On: Grace Karskens, "Public History and Academic History: the common ground".


My Defense of Local Historians

The impression I am left with, on reading Grace Karskens’ views in her "Public History and Academic History: the common ground", (in Public History Review, 1, 1992, p14-25) is that local historians are simply (read: simple) locals, with an interest in the past, who write only for their little corner club; and, that it is only the Professional Public Historian (PPH) that has got it all together, in terms of BOTH scholarly ability and relationship to the community. I think otherwise!

Grace Karskens makes the following determination (p19) ... if time and money is short for producing a commi$$ioned hi$tory (my emphasis), resulting in the “[inability to use] primary sources already located … then "public historians often have to fall back on more readily accessible, but often crude, secondary sources -- like local histories -- and make of them what they can." She also perceives PPHs as being "conduits" between academia and "the wider community outside" (p21).

But, she also says (p21), "the new public historians [have to] deal with non-historians, including ..... people from amateur groups... [such as] historical societies.." She relates "horror stories" about PPHs having contact with, it appears, these tribal manifestations of unclad history-tragics armed only with an elementary arsenal of research weaponry and skilled only in bush-craft (my words).

It seems to be getting down to these things:
1) That Karskens excuses entirely any prospect of a local historian (who is, in fact, a "non-historian" in Karskens’ words) being able to produce a history with any value, that has any currency in the 'history marketplace'.

2) To me, it seems most likely that the local historians are the ones who contribute most significantly to ferreting out and securing primary sources for further research by themselves and others, along with secondary sources, and also produce a bibliography accordingly. This bibliography, of course, becomes a substantial menu for the PPH.

3) It doesn't get any better for Karskens when one comes to realise that it is probably the local historian who HAS researched those very same primary sources to produce their vulgar views, something the PPH may not have time to do in their rush to meet deadlines and remain commercially viable and in the public eye.

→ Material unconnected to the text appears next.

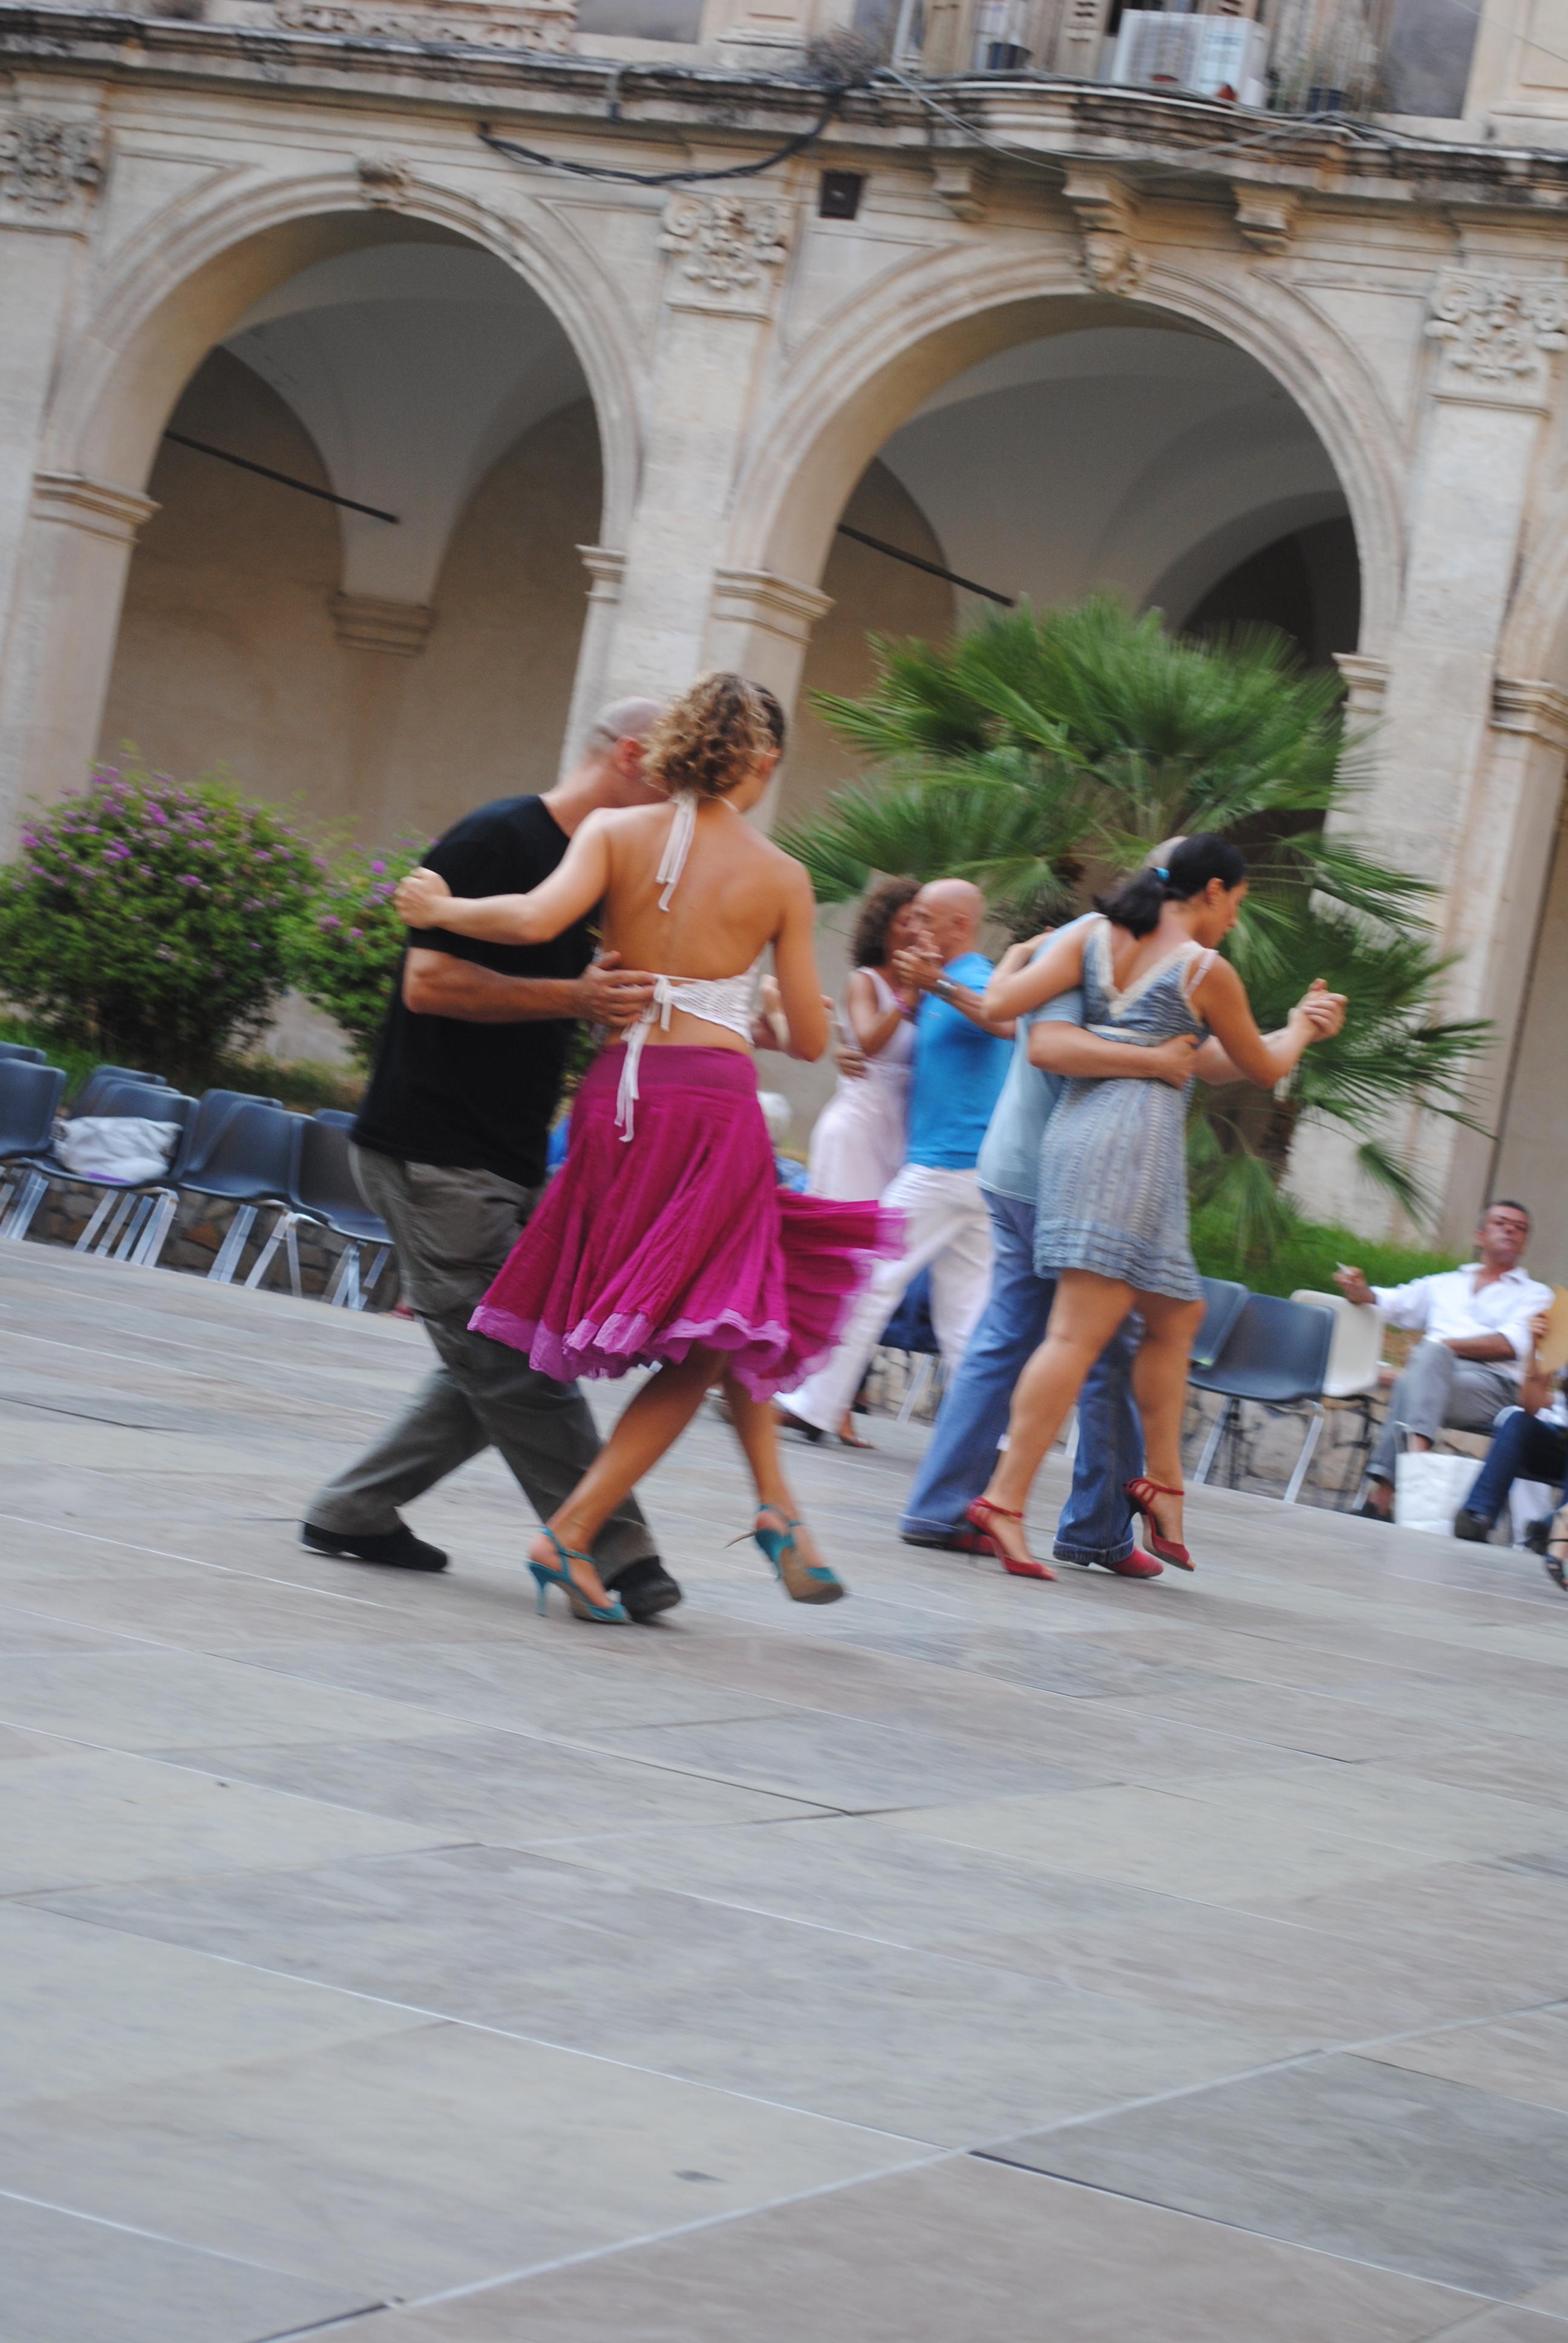 Catania Tango Festival

4) There is a double standard, entirely, in reducing local histories to a crudity and then rehashing their content with some scholarly spit and professional polish to make them acceptable and meaningful. It is OK for PPHs to harvest local histories for fodder, but “to make of them what they can”, and employ them as the basis of their magically acceptable commi$$ioned hi$tories, at the same time denigrating the source is not. One can wonder to what degree the local historian is recognised in such works produced by a professional.

5) There is potential for PPHs to be non-professional: What, after all, is a professional history without researching the primary sources known to be available? And, since when is it valid for secondary sources to become the primary source of information for the PPH, who junks primary sources in the process because they don't have the time? I contend with Karskens’ claim (p21) that PPH's work is inherently somehow pure: the work of PPHs can indeed be "inherently inferior" to what it could be if PPHs produce half-baked histories based on (allegedly) crude secondary sources at the expense of available primary sources.

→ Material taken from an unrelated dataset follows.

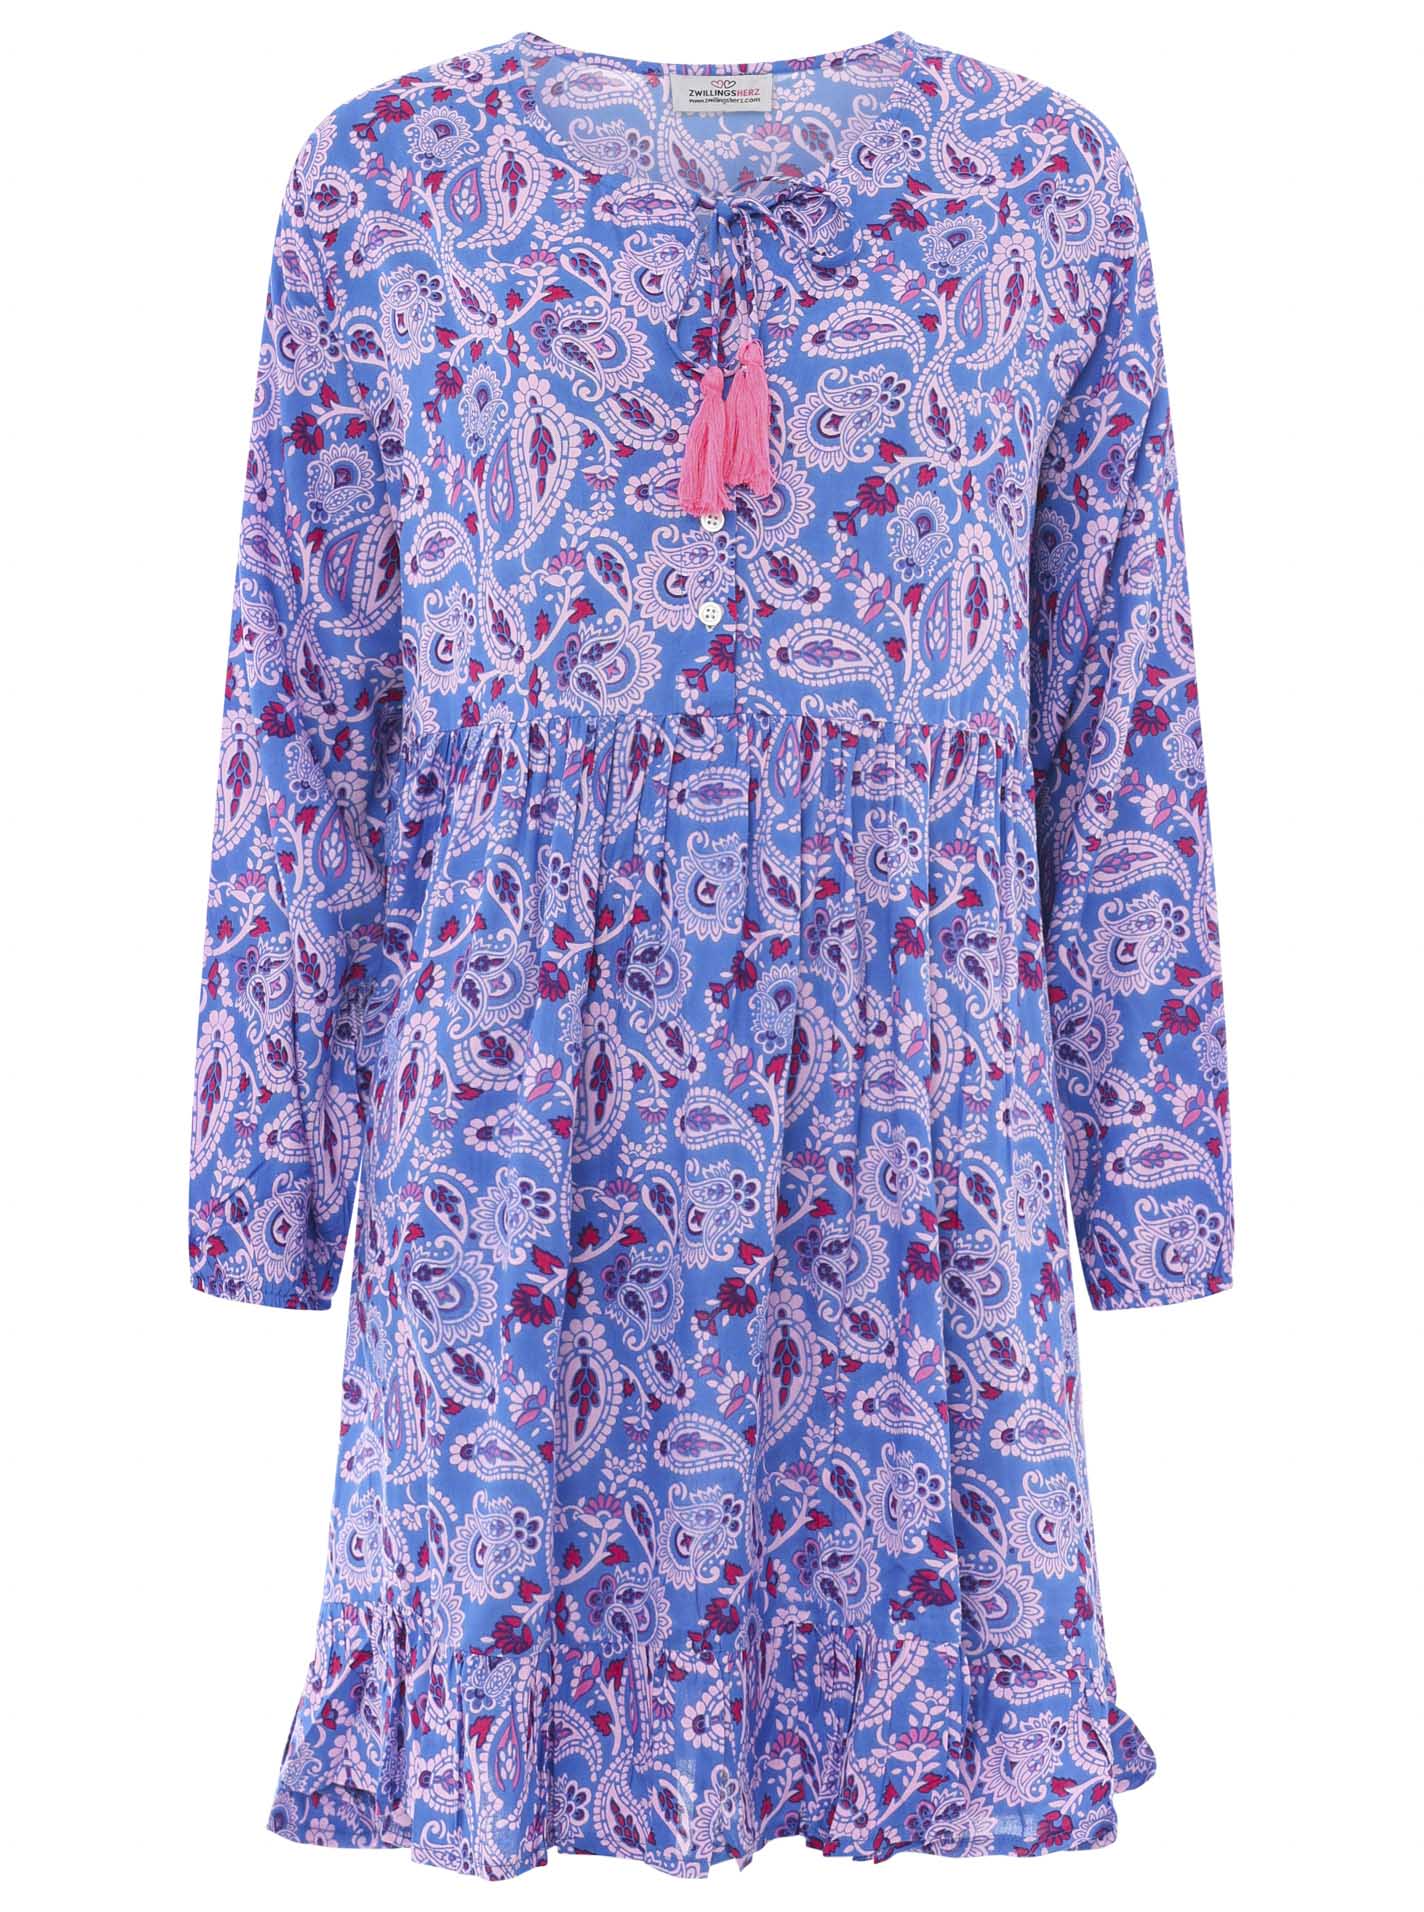 Zwillingsherz - Kleid/Tunika Paisley Design - Blau/Pink

6) PPHs invariably are visitors to an area, they come and they go. They do not necessarily have the respect of the community just because they are a paid professional. And they won't have it if they push an external, official version of the locality's history, especially one lacking the richness offered in using primary sources, and devalue the contribution made by those within the community, along lines of 'professional vs. non-professional'.

7) Finally, are not the local historians the ones most likely to have a "meaningful relationship with the wider community" in which they live, and a relationship that is present and continual? The work of the several local historians at Paterson Historical Society and their relationship within and to the local community, and the Lower Hunter region of NSW, stands as a fine example and a testament to the good standing and effectiveness of the unpaid local historian.